The Sacramento Philatelic Society is an organization serving stamp collectors in the Sacramento area of California.

==History==
The club was founded in 1914 by Mr. A. W. Spanton, who posted an advertisement in the newspaper and received responses from twelve philatelists who then formed the club, which they called the Sacramento Stamp Society. The early club meetings were held at the YMCA. Later on, meetings were held at churches, schools, and any location they could find. The club grew quickly, and in 1961 the Sacramento Stamp Society became incorporated as the Sacramento Philatelic Society, Inc.

The society publishes a bi-monthly newsletter, entitled The Philatelic Prospector.

==Location==
As of May 8, 2024, meetings are held at the Northminster Presbyterian Church, in Sacramento 95821, every Wednesday evening.

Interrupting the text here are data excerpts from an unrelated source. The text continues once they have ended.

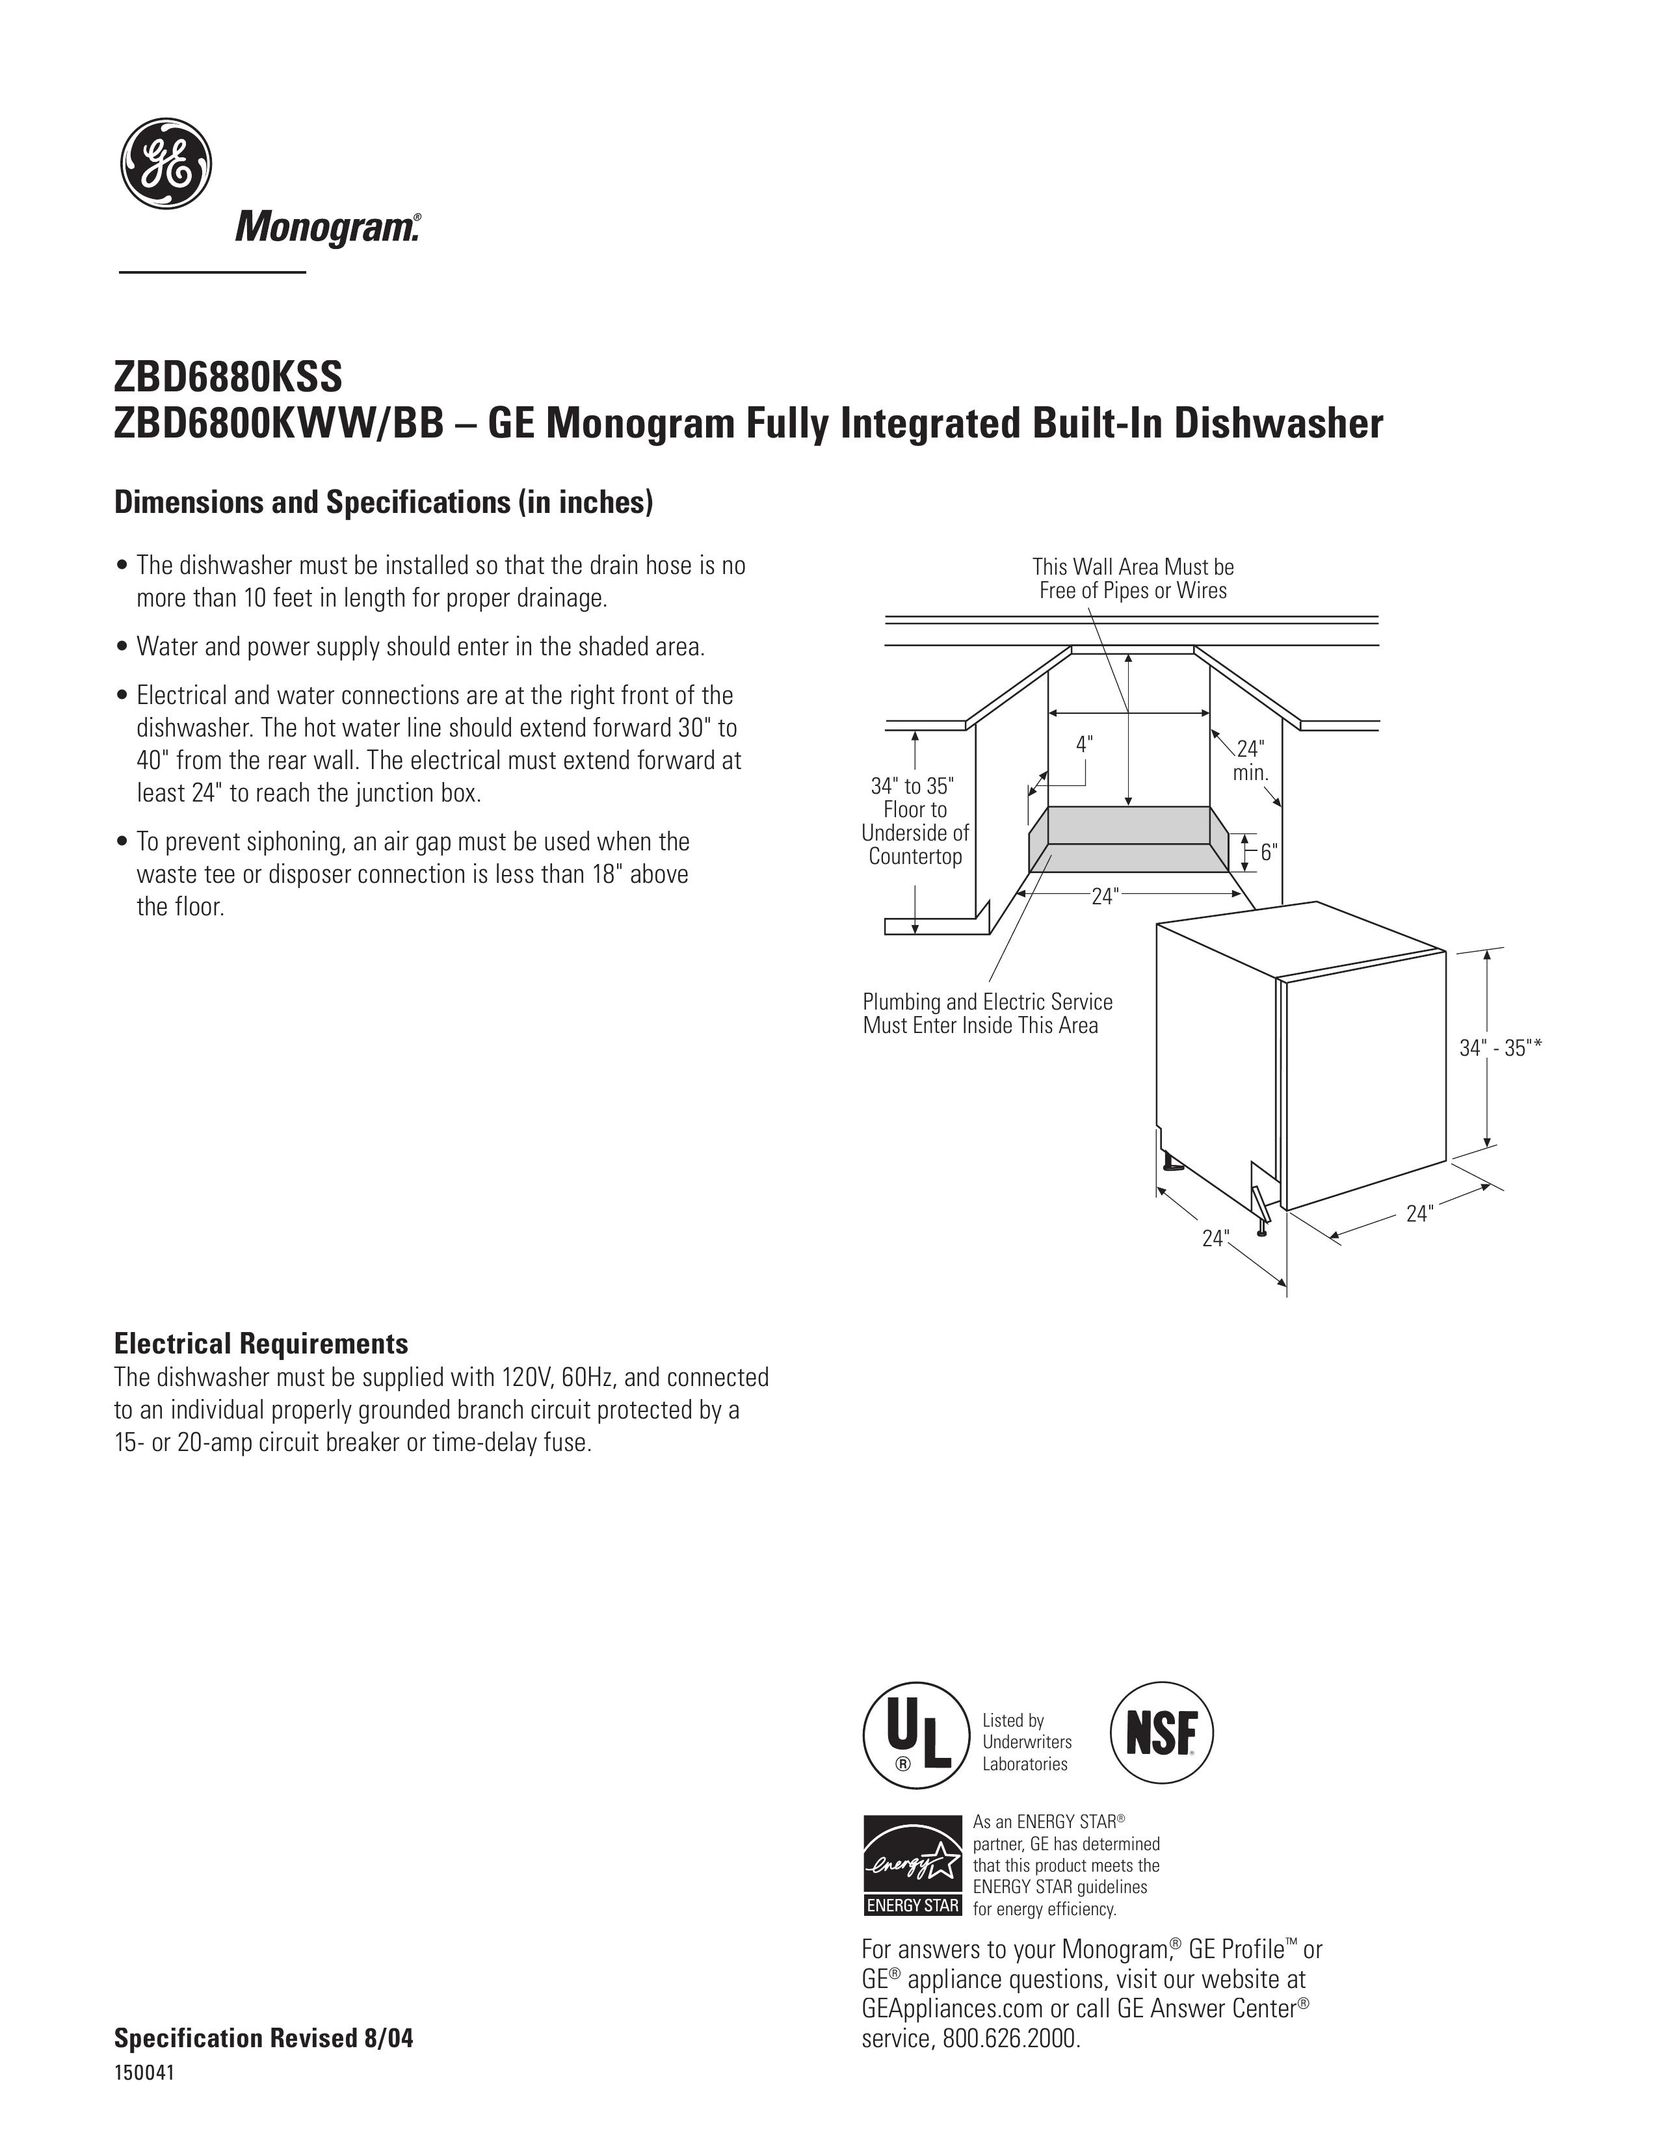 GE Monogram ZBD6880KSS Dishwasher User Manual
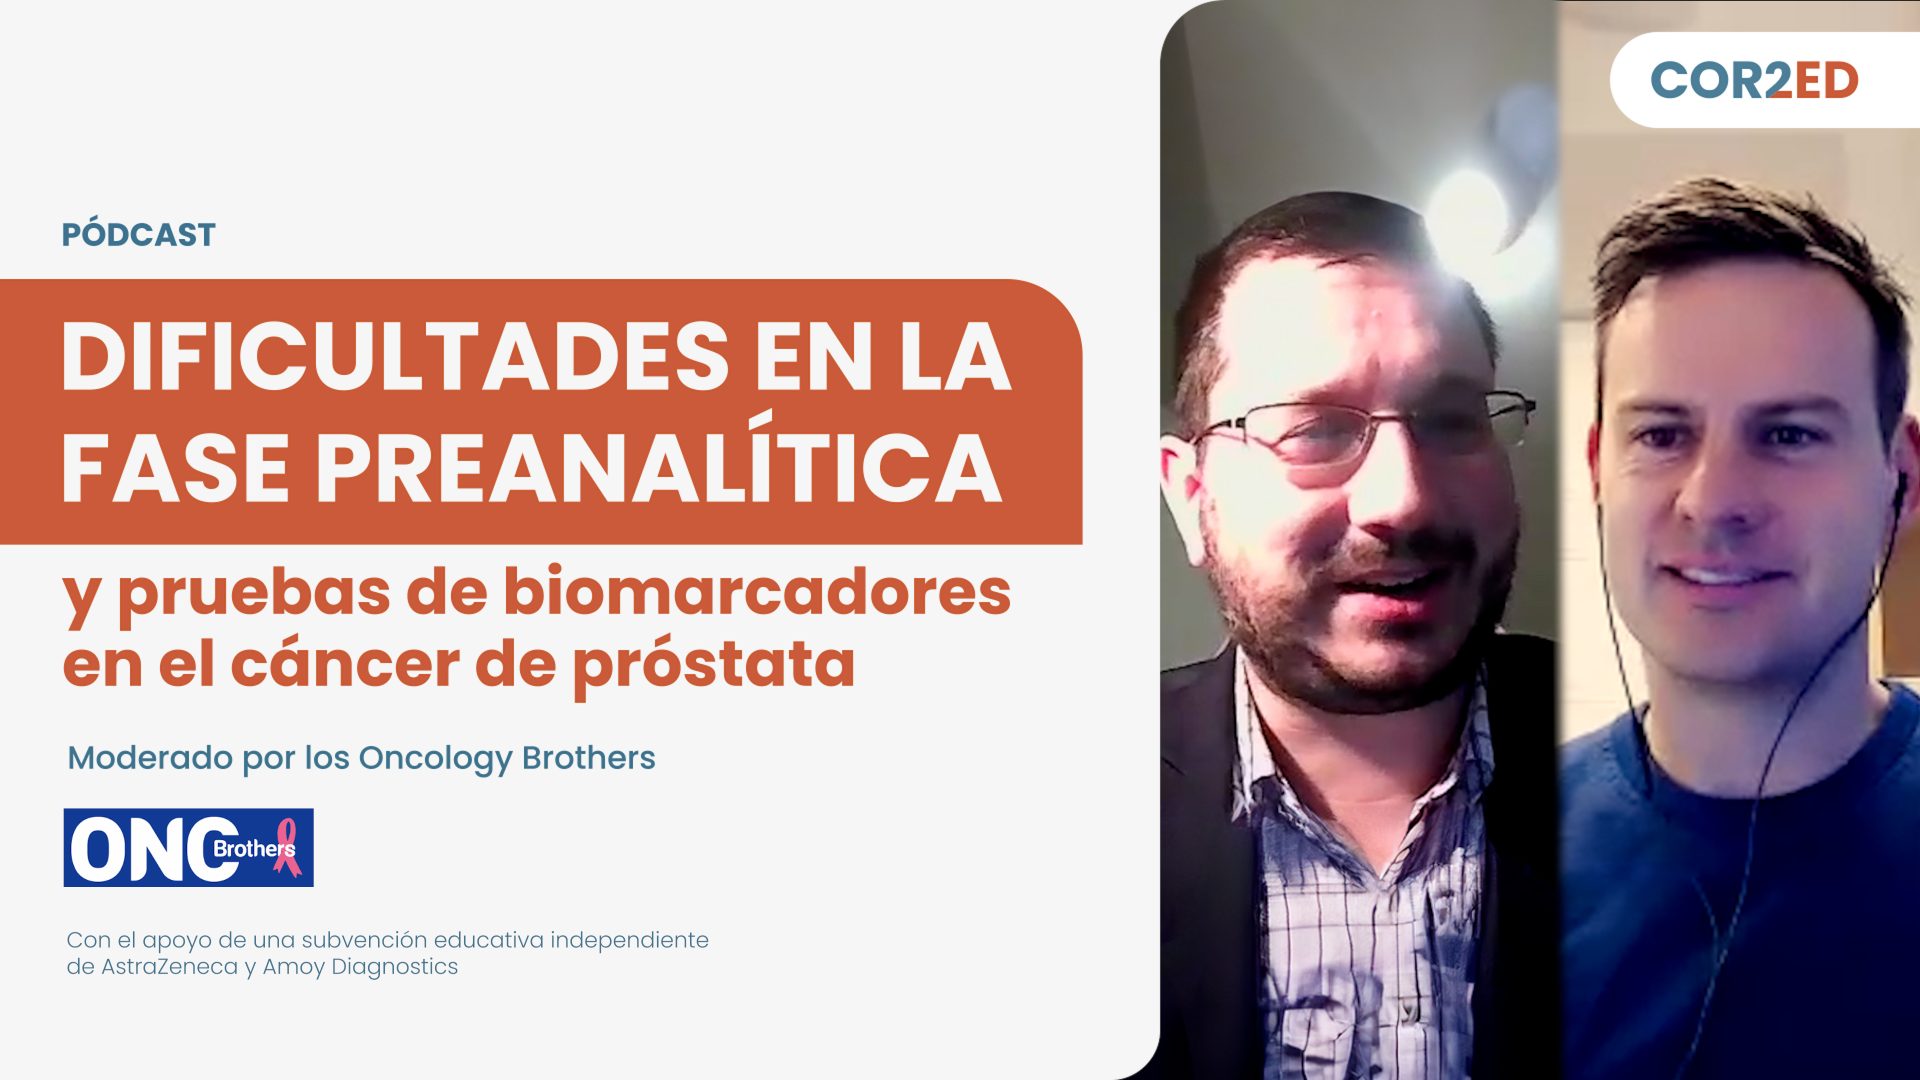 Cáncer de próstata: Dificultades en la fase preanalítica y pruebas de biomarcadores (Spanish)
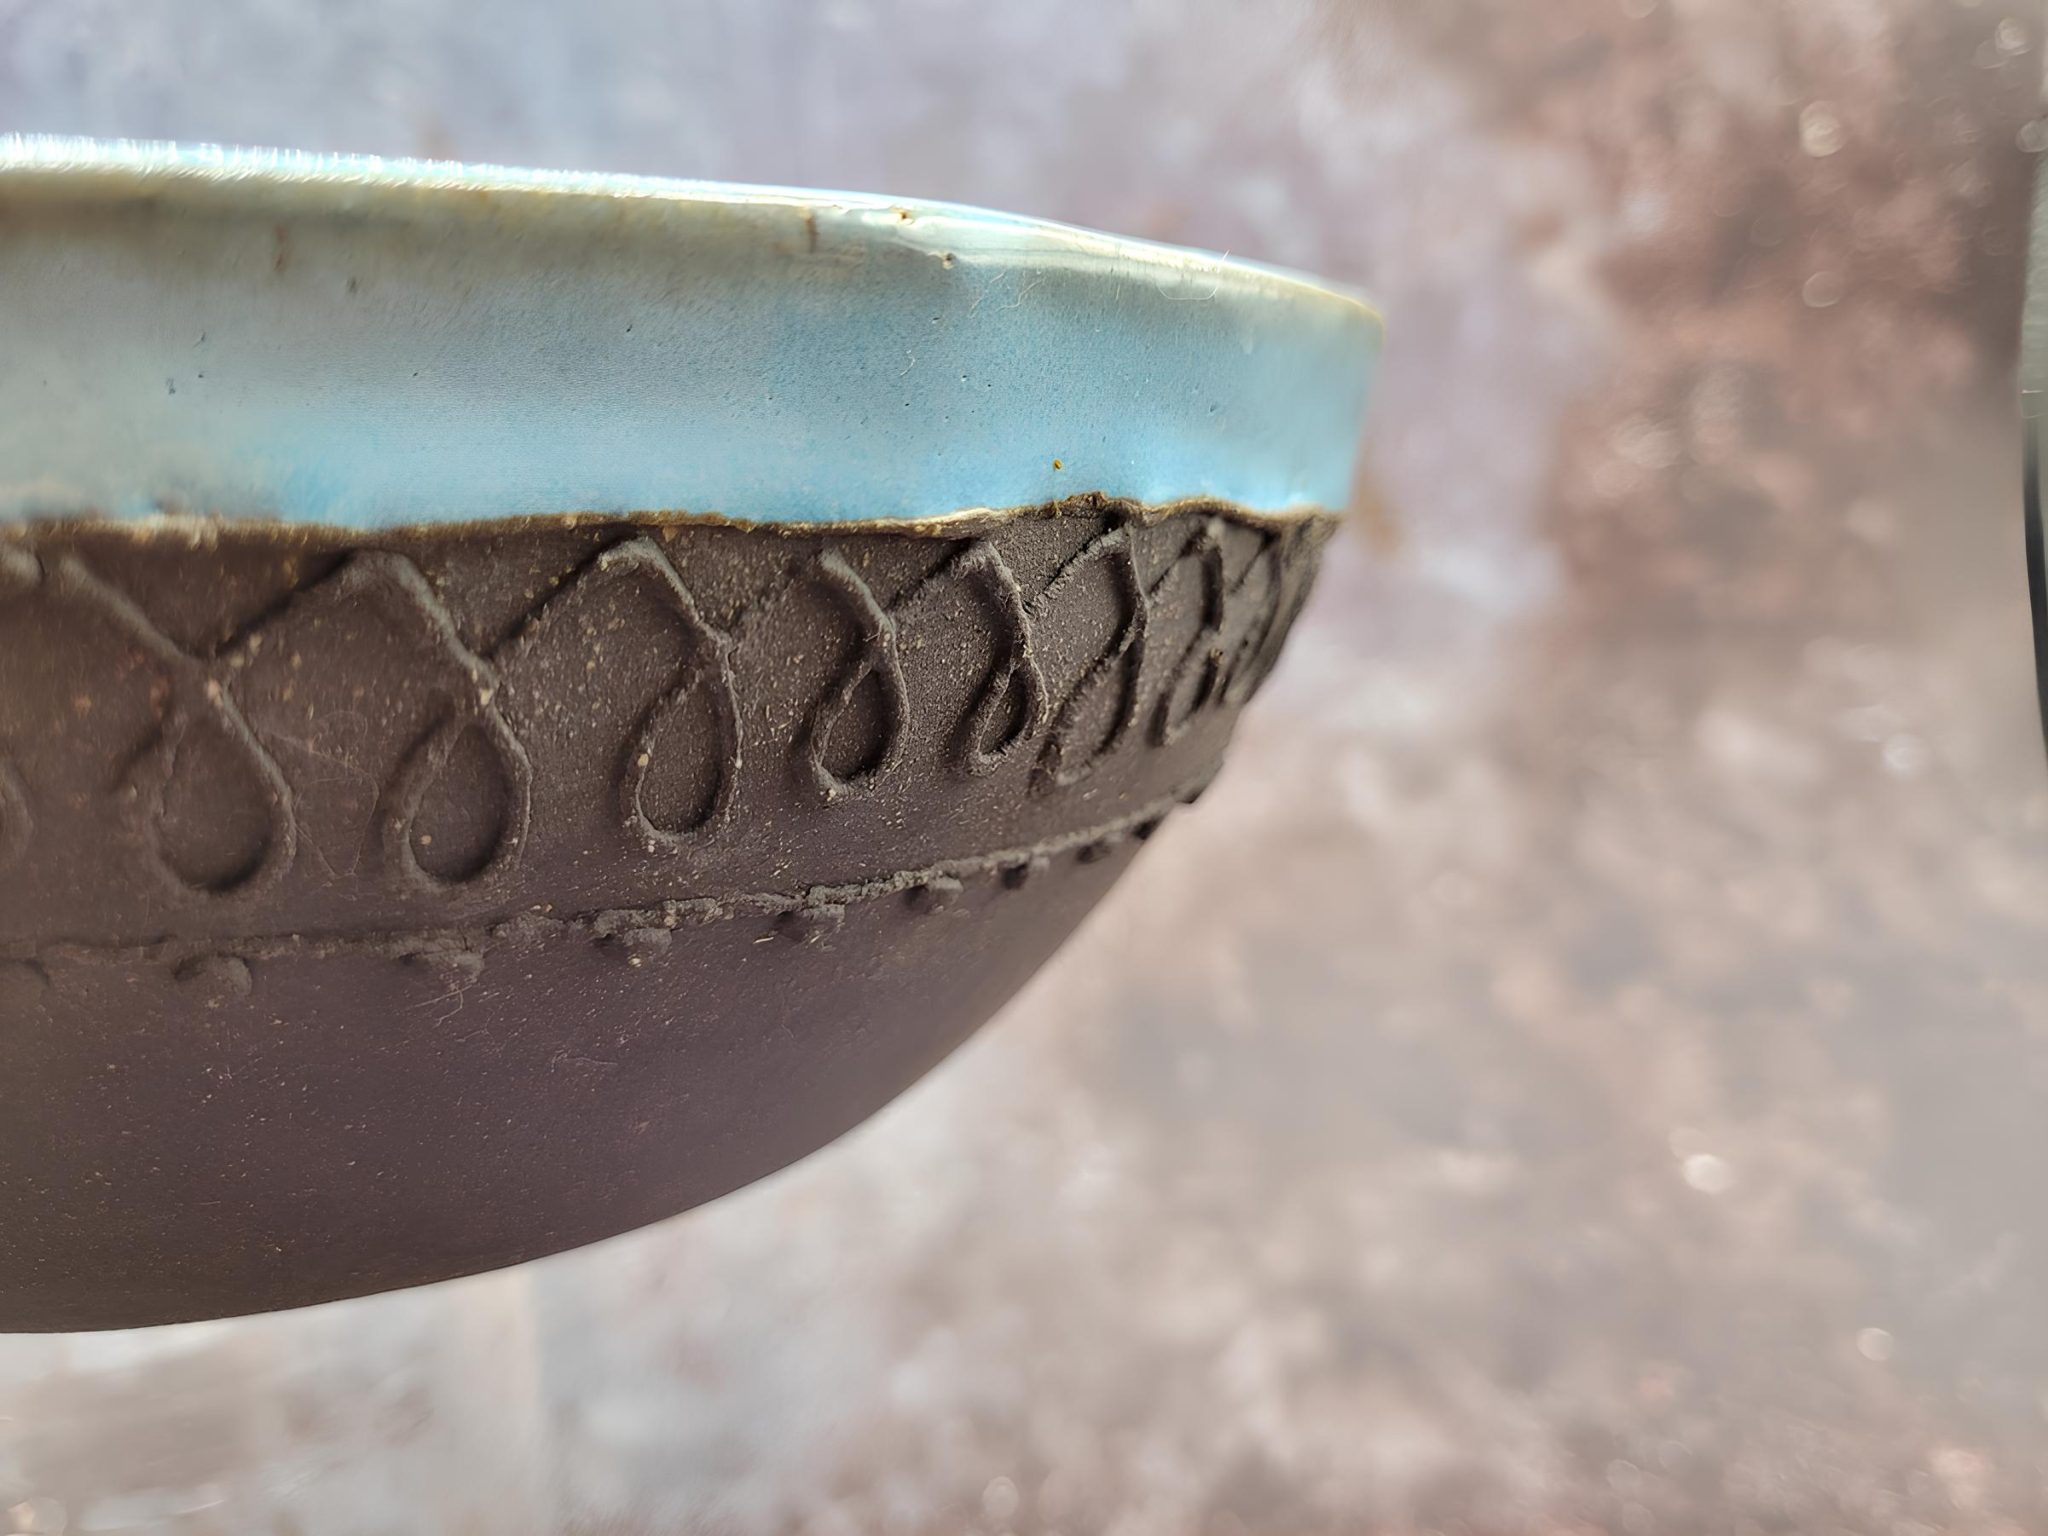 Aiwa Ceramics: keramika, ki navdih črpa iz narave in potovalnih vtisov

Meetings consist of club business, presentations, socialization, a sales circuit which is made available for attendees to shop at, and boxes of loose stamps which are made available for attendees to search through.

==Collection==
The Philatelic Society has approximately 1 million stamps, organized into 36 bins that they store as a group.

== SACAPEX==
The philatelic exhibition SACAPEX (Sacramento California Philatelic Exhibition) is sponsored by the society and is held annually.

==Organization==
The society operates by its set of by-laws. Elected officers are the president, vice president, treasurer, secretary, and members of the board of directors.